Theory: Neural Computation
I grew up in Nanjing, China, and moved to Southern California with my family just before I turned sixteen. First introduced to action potentials and thermodynamics in high school classrooms, I studied neurobiology and physics at UC, Berkeley together with a few electrical engineering courses. I earned my bachelor degree in 2009, and joined the Brains in Silicon lab to further my theoretical knowledge in order to understand the nature of neural computation. Having earned my master degree in 2011, I am currently pursuing a doctoral degree under the co-advisorship of Prof. Surya Ganguli and Prof. Kwabena Boahen.
One of my research goals is to study principles of neural computation without making prior assumptions of the neural code. Whether neurons encode information in their spike rates or times is a hotly debated issue in computational neuroscience. Under the influence of such debates, choosing an appropriate neural code became a prerequisite for theoretical treatments of neural computation. However, experimental results have demonstrated that biological neurons can operate with one or the other code depending on the brain areas they are from, suggesting that the spiking neuron as a computational unit does not fundamentally restrict neural networks to a single code. In fact, the spike rate and time codes may simply be the extremes of a continuous spectrum. Recent developments of Time Encoding and Decoding Machines (deterministic) and of Generalized Linear Models (probabilistic) provide a way of decoding information from spikes using only the dynamics of the spike generation mechanism without a prior assumption of the neural code. Taking advantages of their generality in coding, I am able to construct neural networks that carry out a variety of computational tasks throughout the coding spectrum and then to study the underlying computational principles that are invariant to the neural code choice.

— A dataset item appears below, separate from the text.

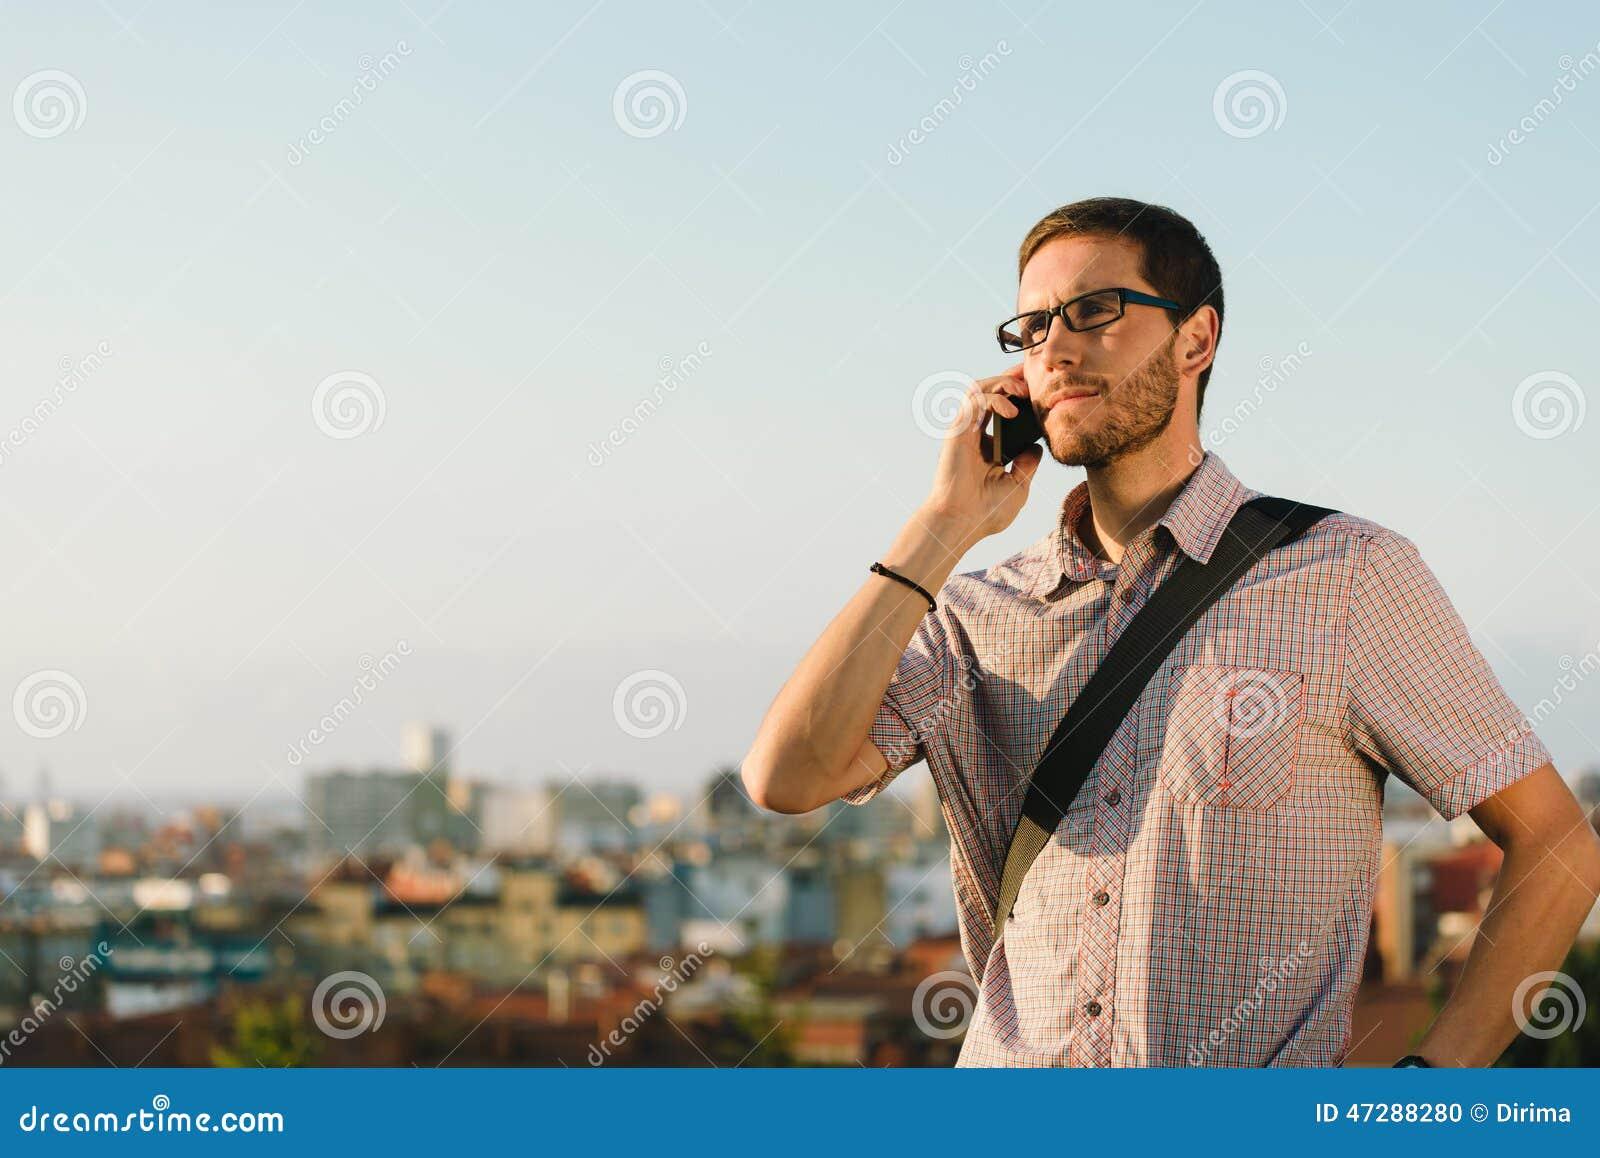 professional casual man on cellphone job call stock photo image professional casual man on cellphone job call

In wiring circuits in the brain or constructing artificial networks in software or hardware, practical considerations of wiring economy, memory capacity, component heterogeneity, functional robustness and matching to experimental observations raise questions about the topologies that underlie these networks. If computation is a network's function, topology is its structure. The relation between structure and function is one of the fundamental themes in modern biology. Theoretical treatments of this relation in computational neuroscience have led to many results on properties of random networks defined by topological parameters (e.g. sparsity, connection weight distribution). But ensembles of networks grouped together by their similar functions remain an untouched subject. My goal is to search for and to study topological invariances in such ensembles. In other words, I ask: what are the possible transformations on a network's connectivity that will keep its computational function intact? After having characterized such invariances, the aforementioned practical considerations can be formulated as constrained optimizations over the topological spaces defined by invariant transformations.